* _Provided material_:

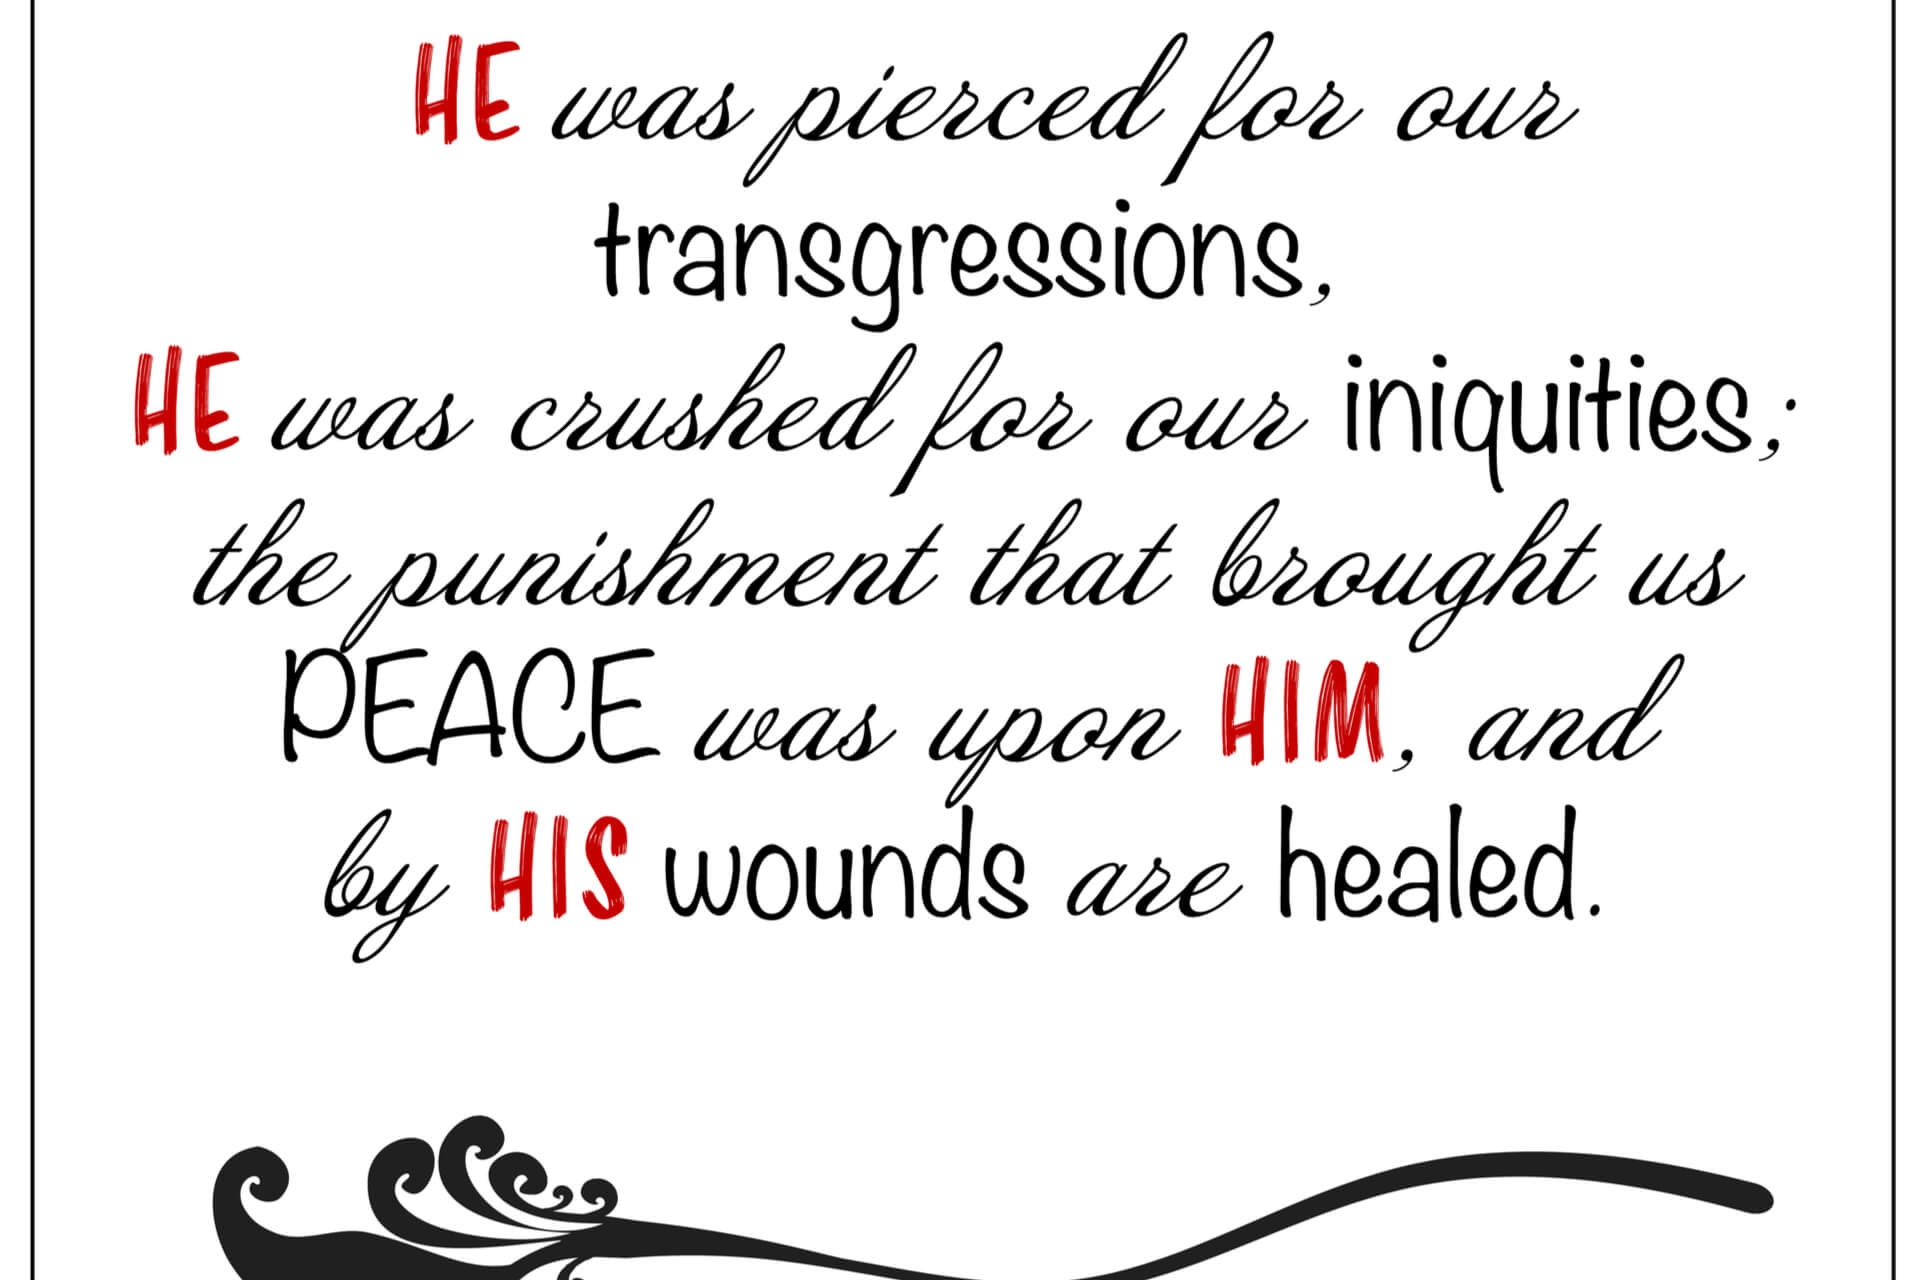 But he was pierced for our transgressions, he was crushed for our iniquities
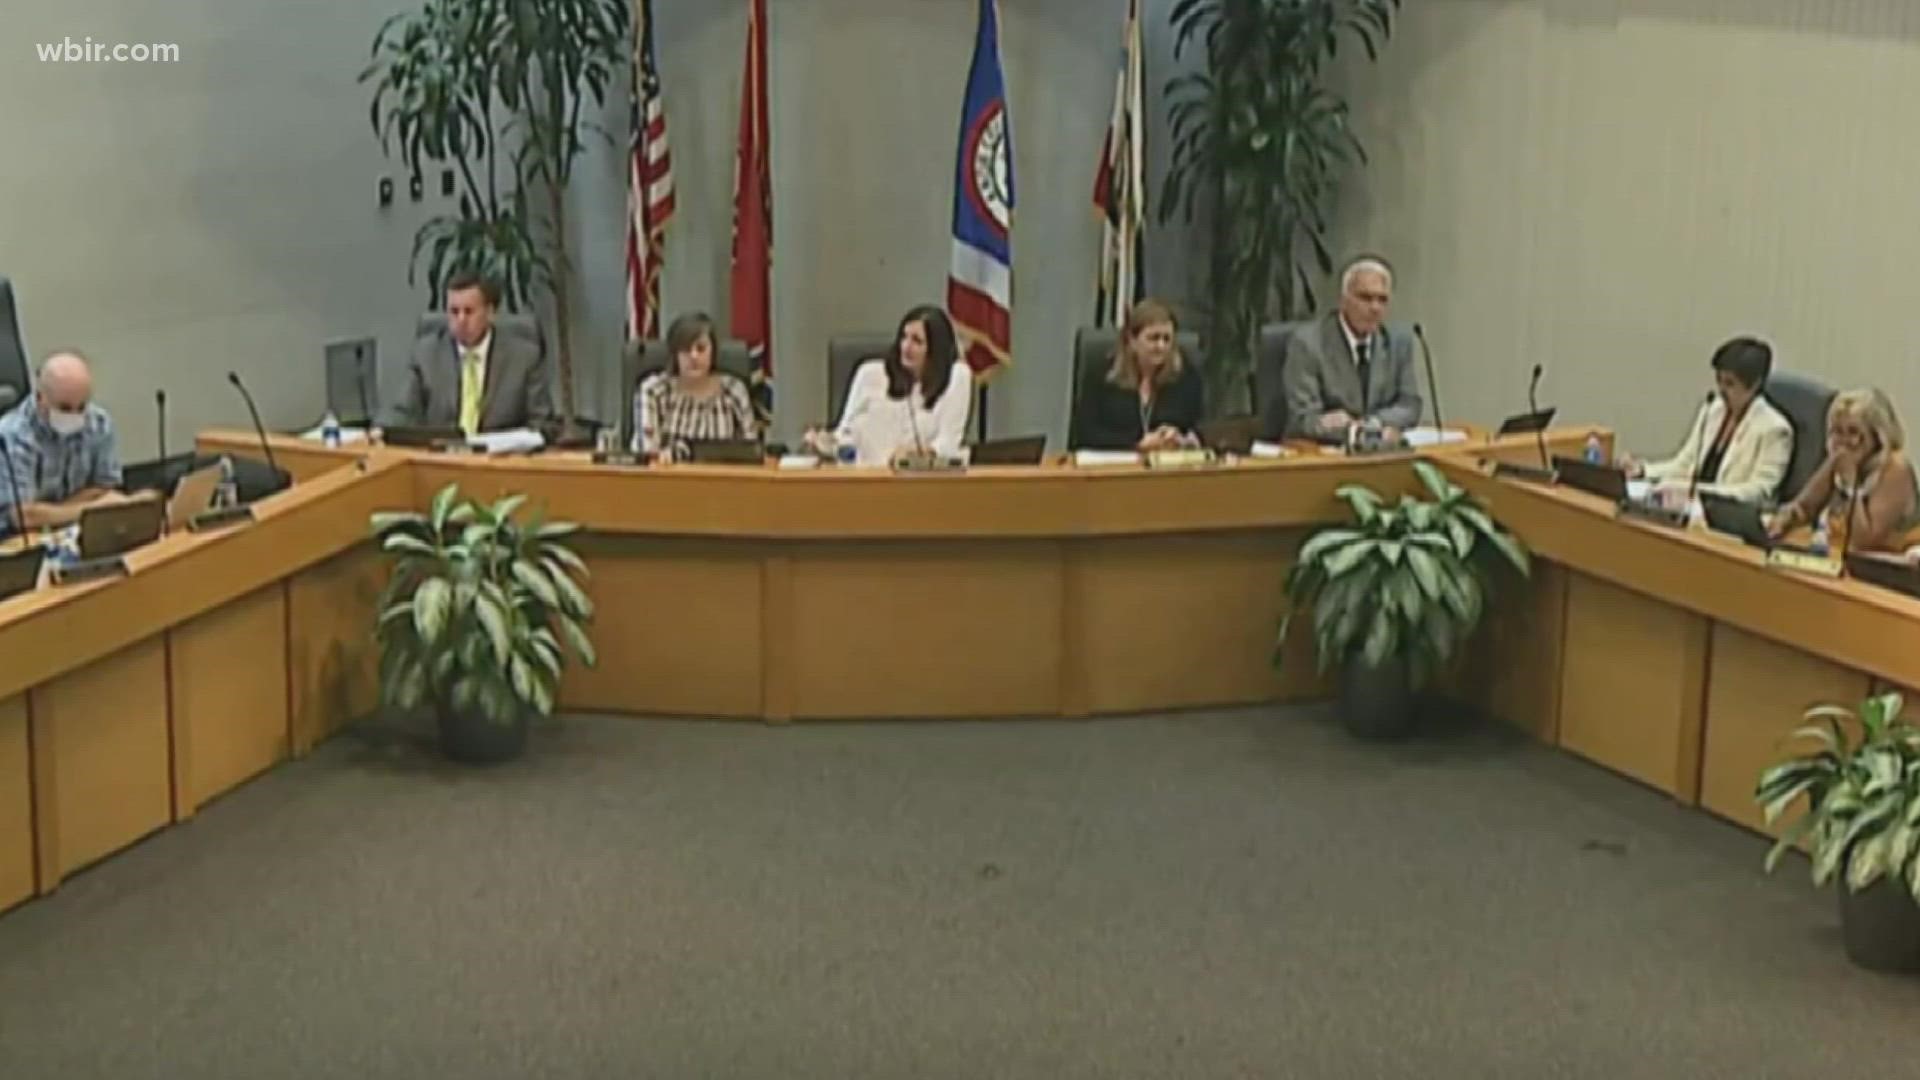 On Wednesday, the meeting turned into an intense discussion about the power and authority of the board of education.
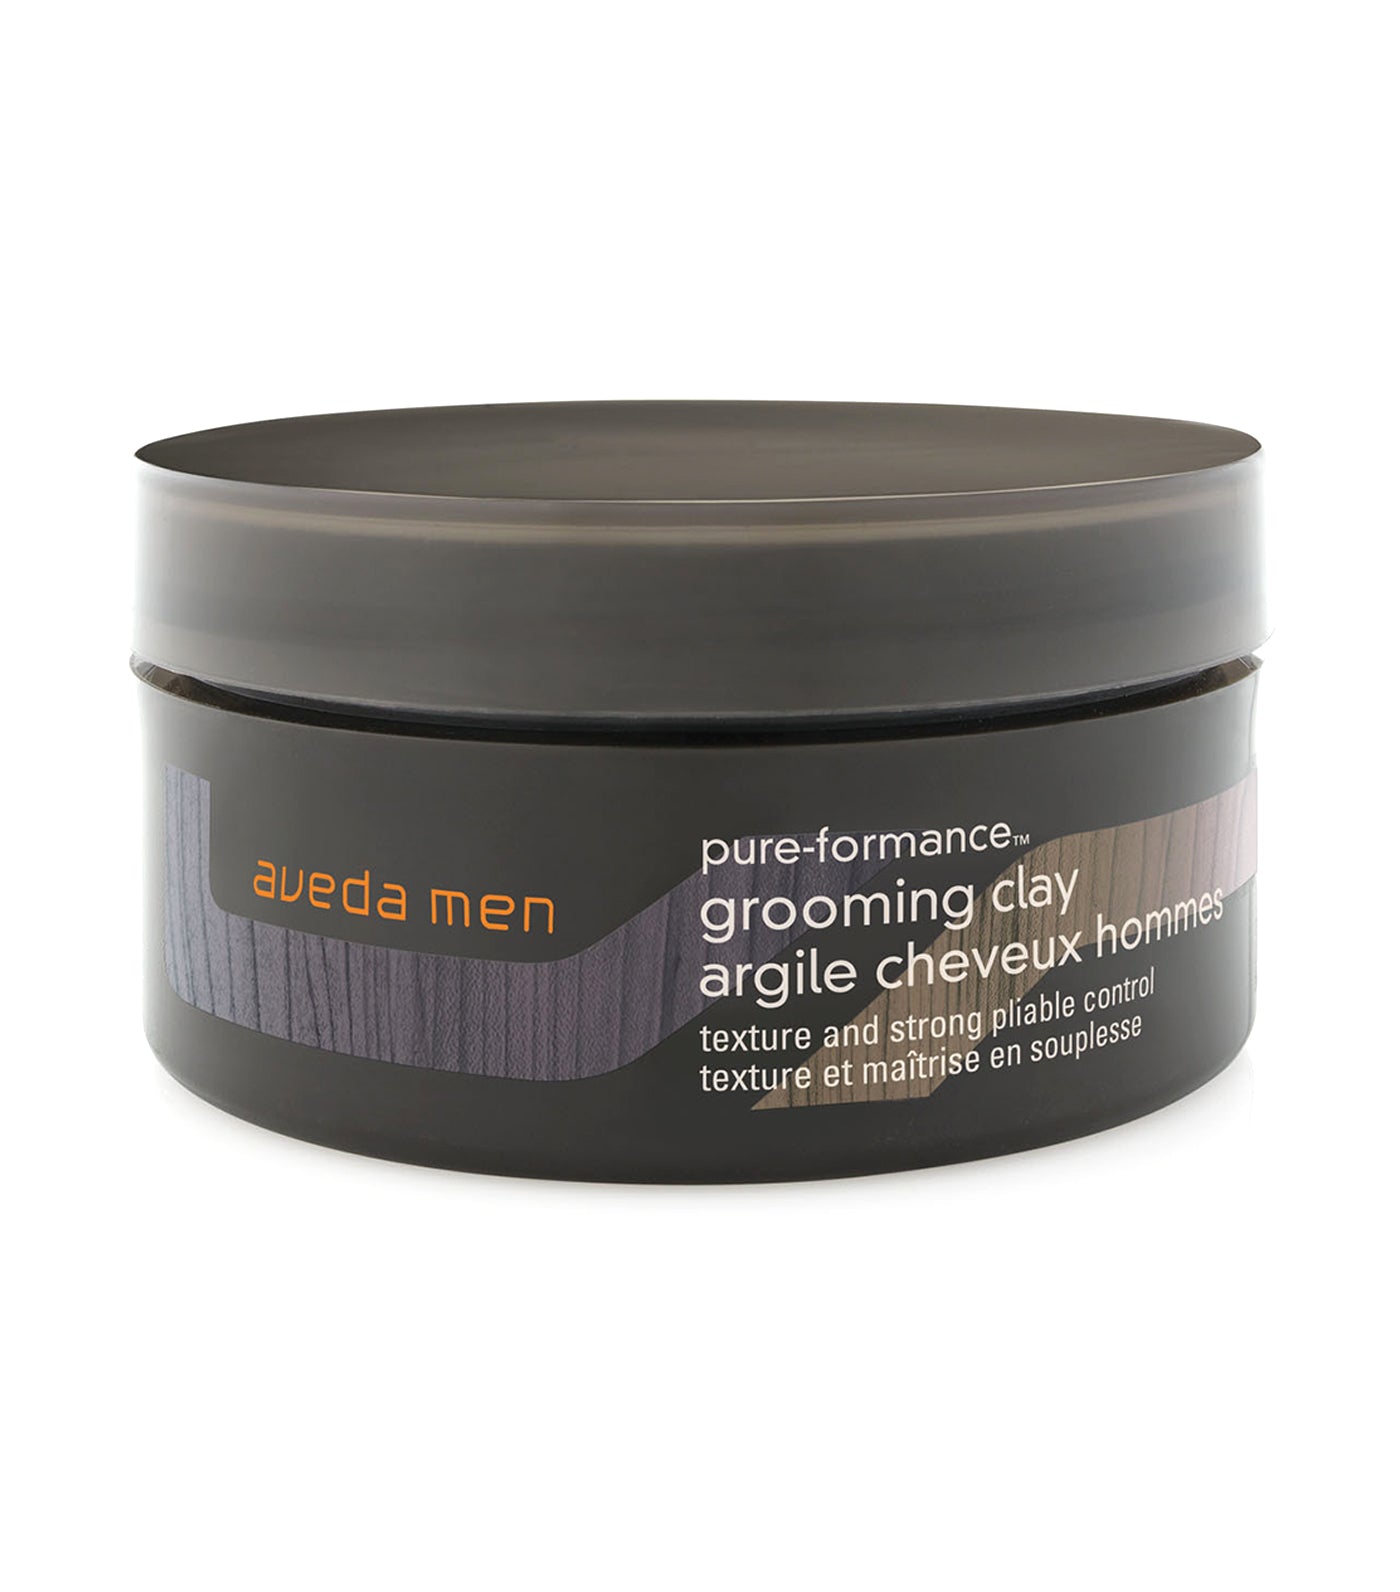 aveda men pure-formance™ Grooming Clay
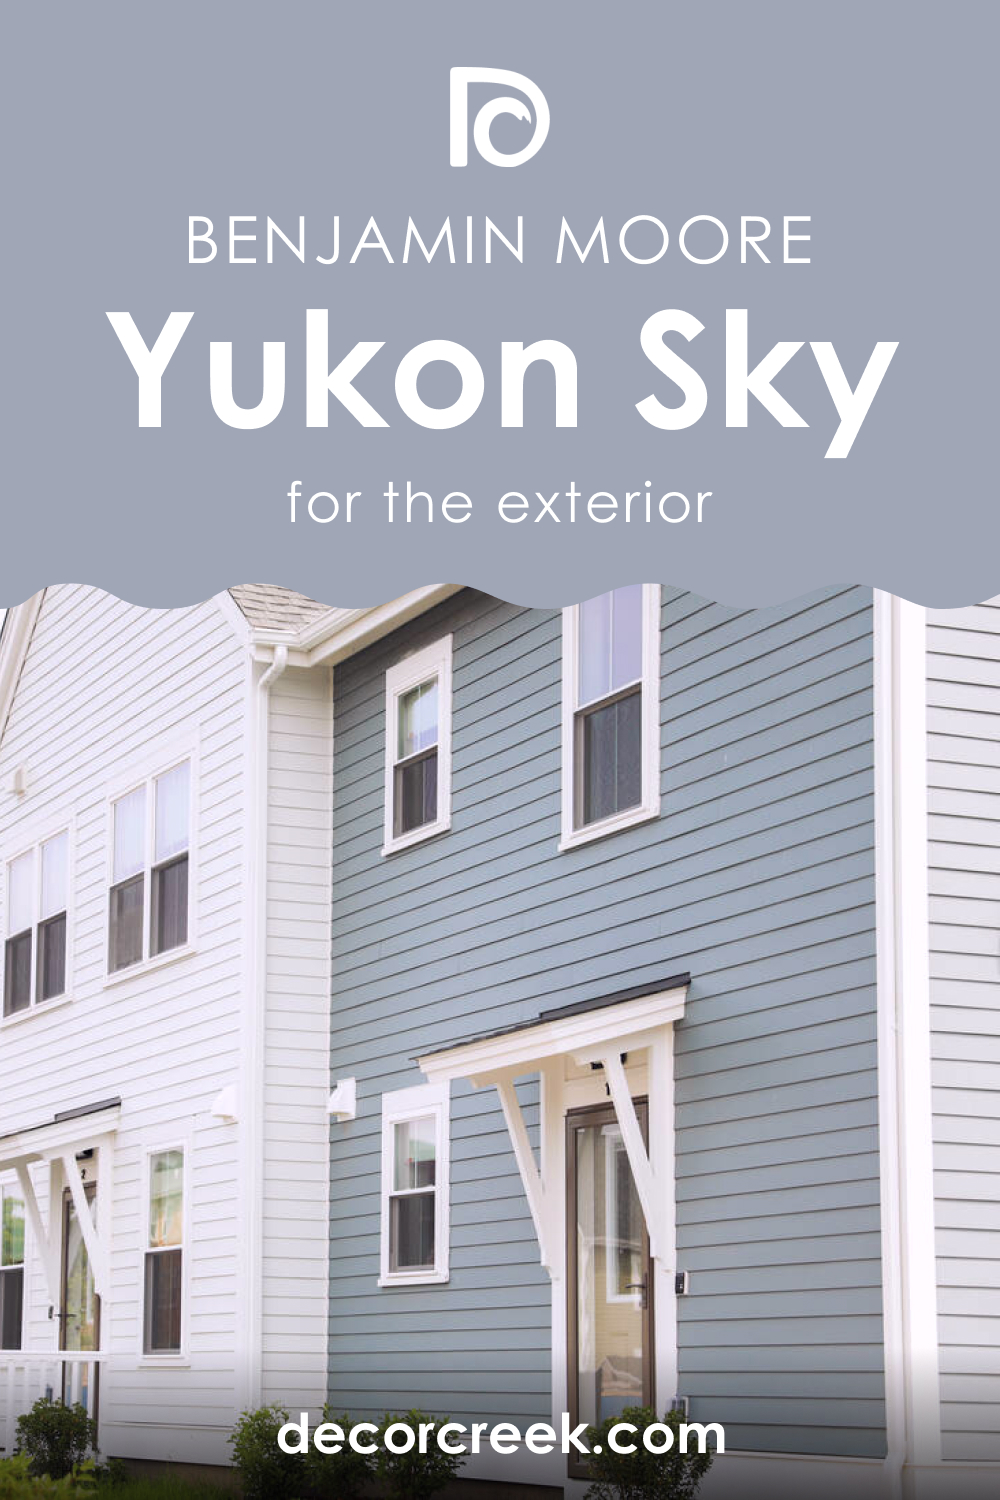 How to Use Yukon Sky 1439 for an Exterior?

* _What is needed_: Restate each line above exactly, keeping pictures out.

* _Result of this task_:
 But he was pierced for our transgressions, he was crushed for our iniquities
 On Wednesday, the meeting turned into an intense discussion about the power and authority of the board of education.
 aveda men pure-formance™ Grooming Clay
 How to Use Yukon Sky 1439 for an Exterior?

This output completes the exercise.